Even if it were desirable to destabilize yet another country in the region, this shows just how deluded Flynn and Ledeen are when it comes to achieving their goal of regime change. First, they assume that Iranians would cooperate in pursuing a goal that most of them don’t actually support. They mistakenly view the election protests of 2009-2010 as a movement aimed at overthrowing the regime, but it was something quite different and had the goal of reforming the existing system. Flynn and Ledeen fault the U.S. for not doing more to help that movement, but this wrongly assumes that the movement’s leaders wanted U.S. help (they didn’t) and that U.S. assistance would be useful to them (it wouldn’t have been). They assume they know what most Iranians want, but ignore their enduring resentment against foreign interference in their politics generally and hostility to American interference in particular. They also make a typical hawkish mistake in both grossly exaggerating the threat from a foreign regime and assuming that eliminating that threat will be easy and cheap. This is all consistent with the shoddy analysis we have seen from other parts of their book, and it confirms that Trump is going to be getting some very bad advice from his top security adviser.

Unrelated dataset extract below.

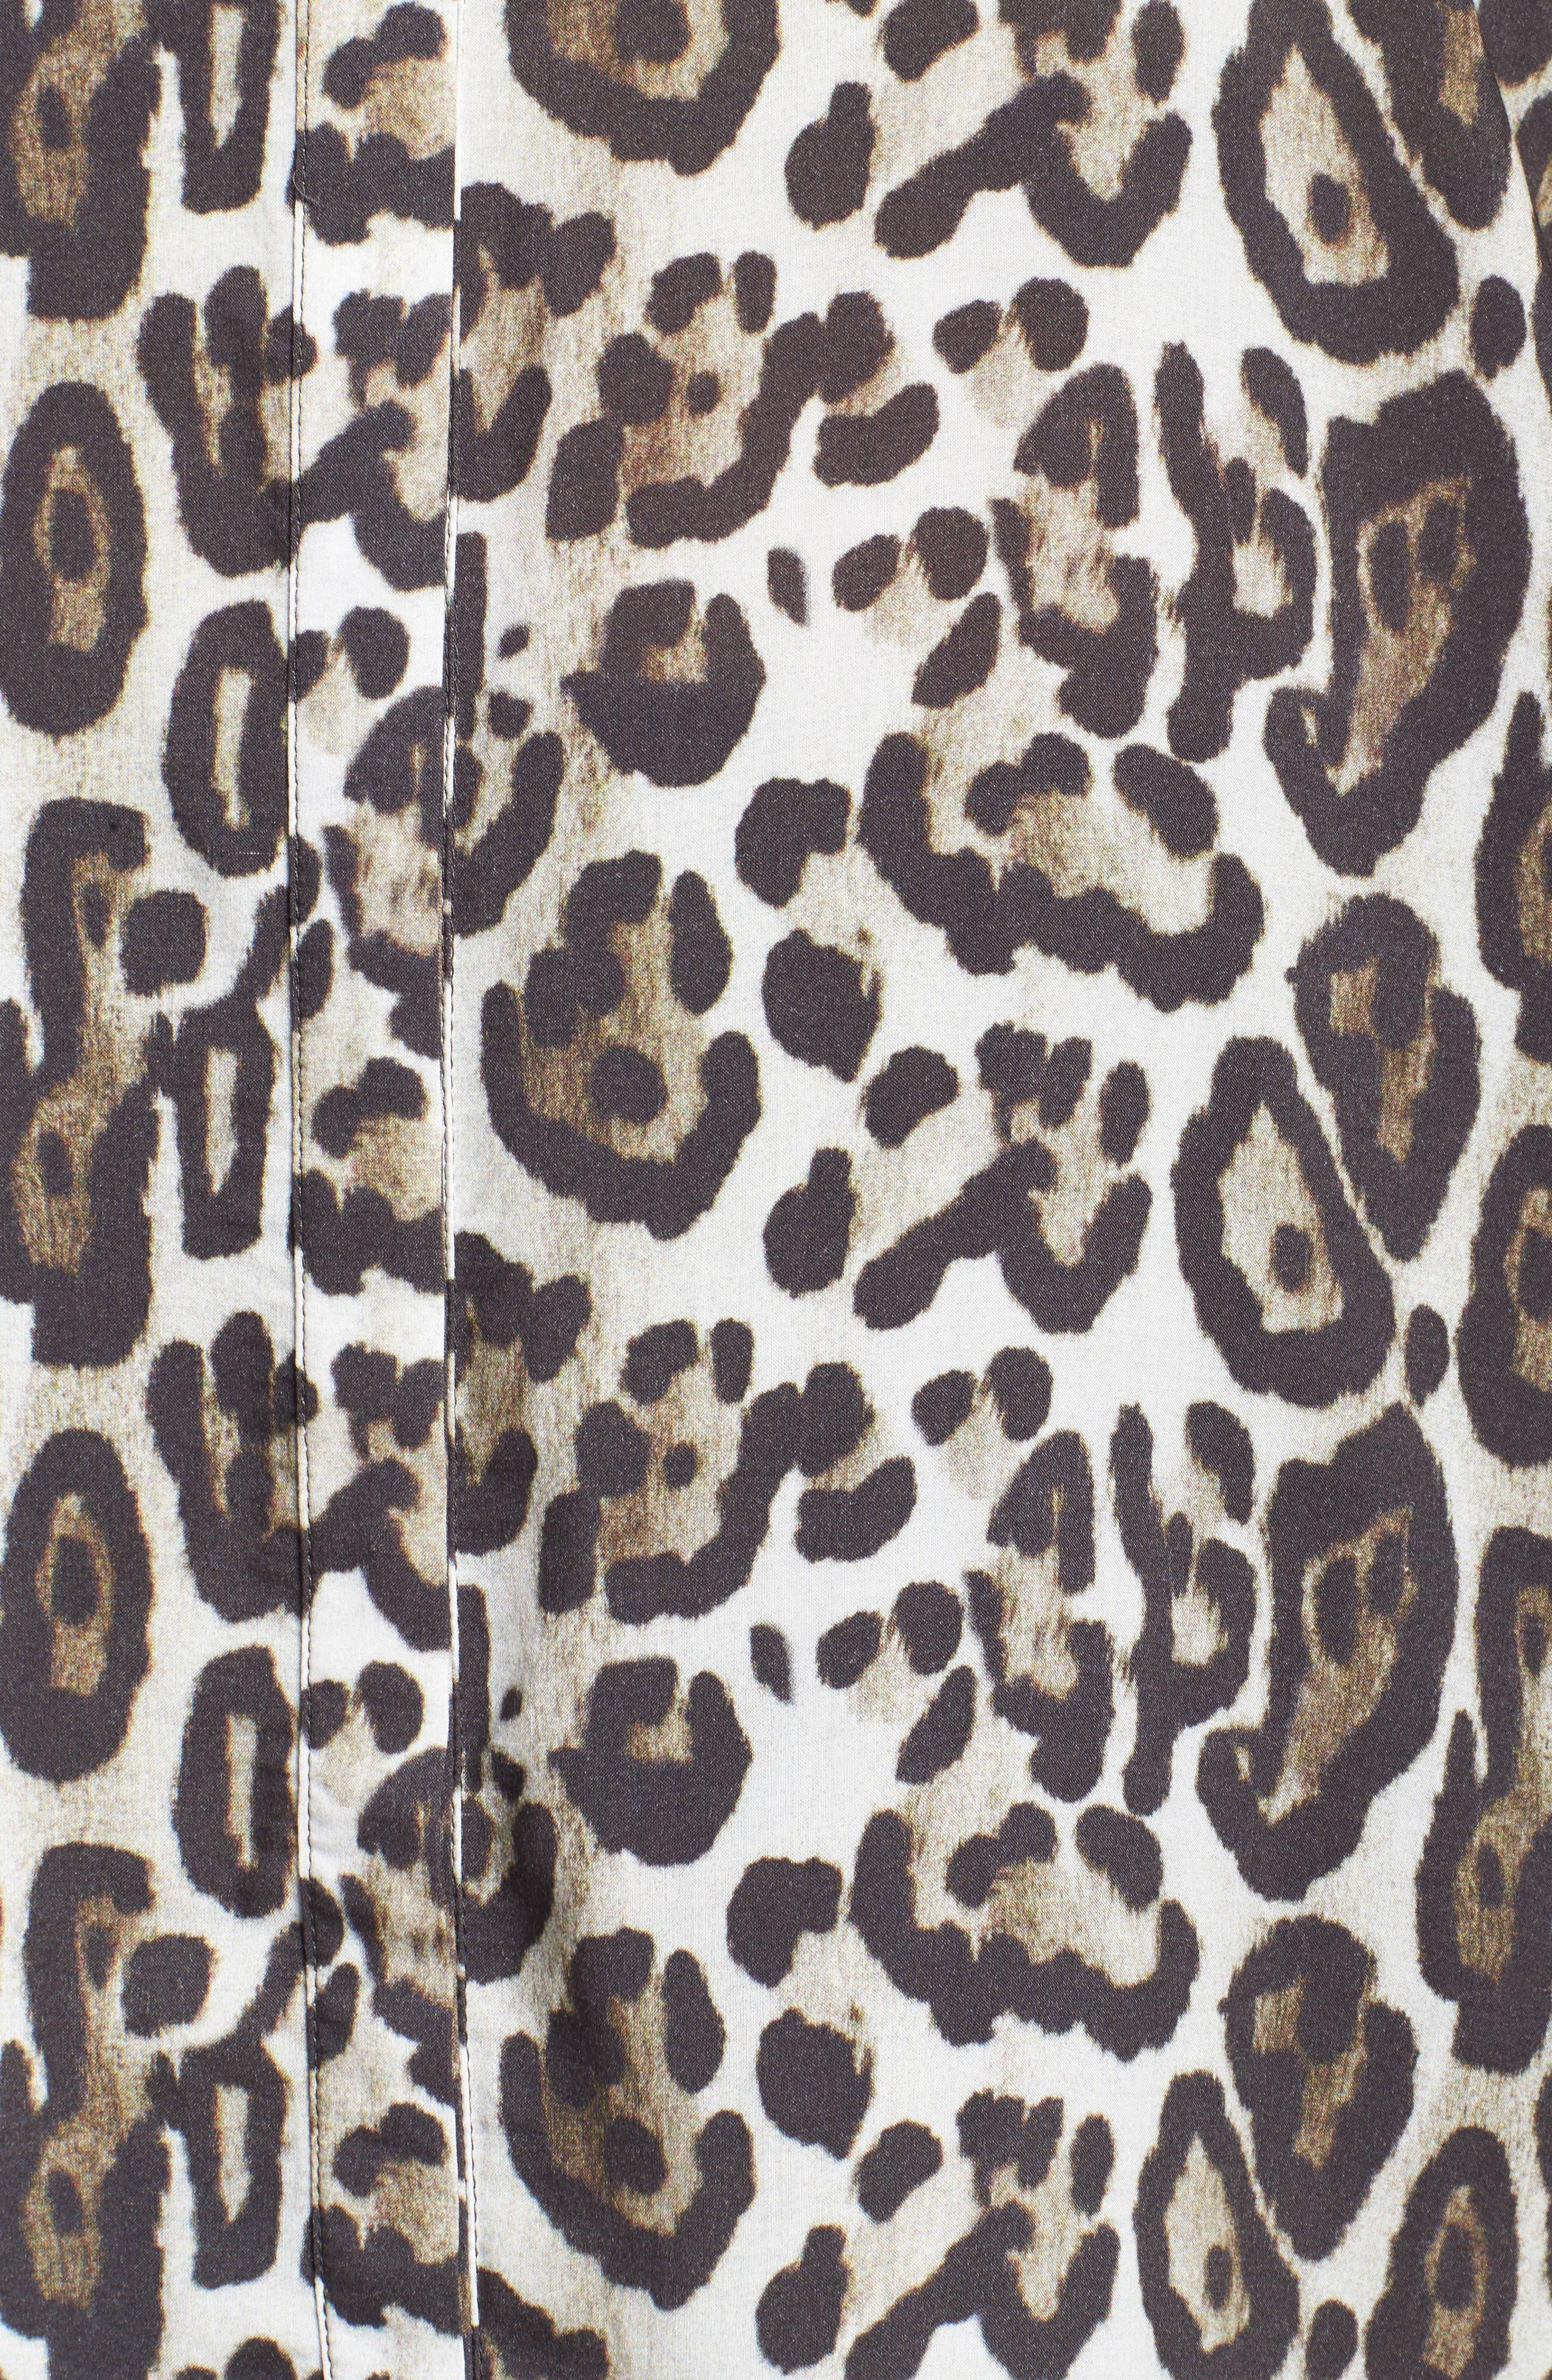 Oversize Leopard Print Blouse,                             Alternate thumbnail 5, color,                             Black/ Multi

In addition to all of their errors of analysis, Flynn and Ledeen have the wrong goal. If the U.S. tried to do what Flynn and Ledeen want, it would increase regional tensions and hurt the Iranian opposition. Neither the U.S. nor most Iranians would benefit from this, but it would strengthen the hand of regime hard-liners. It would give those hard-liners a ready-made excuse for increased repression, and would increase the likelihood of armed conflict over the longer term. When our government has made regime change in another country the official policy in the past, it has usually not been long before force is used to achieve it. A war with Iran might not come right away, but if Flynn convinces Trump that regime change should be the goal of our policy it becomes much more likely in the future.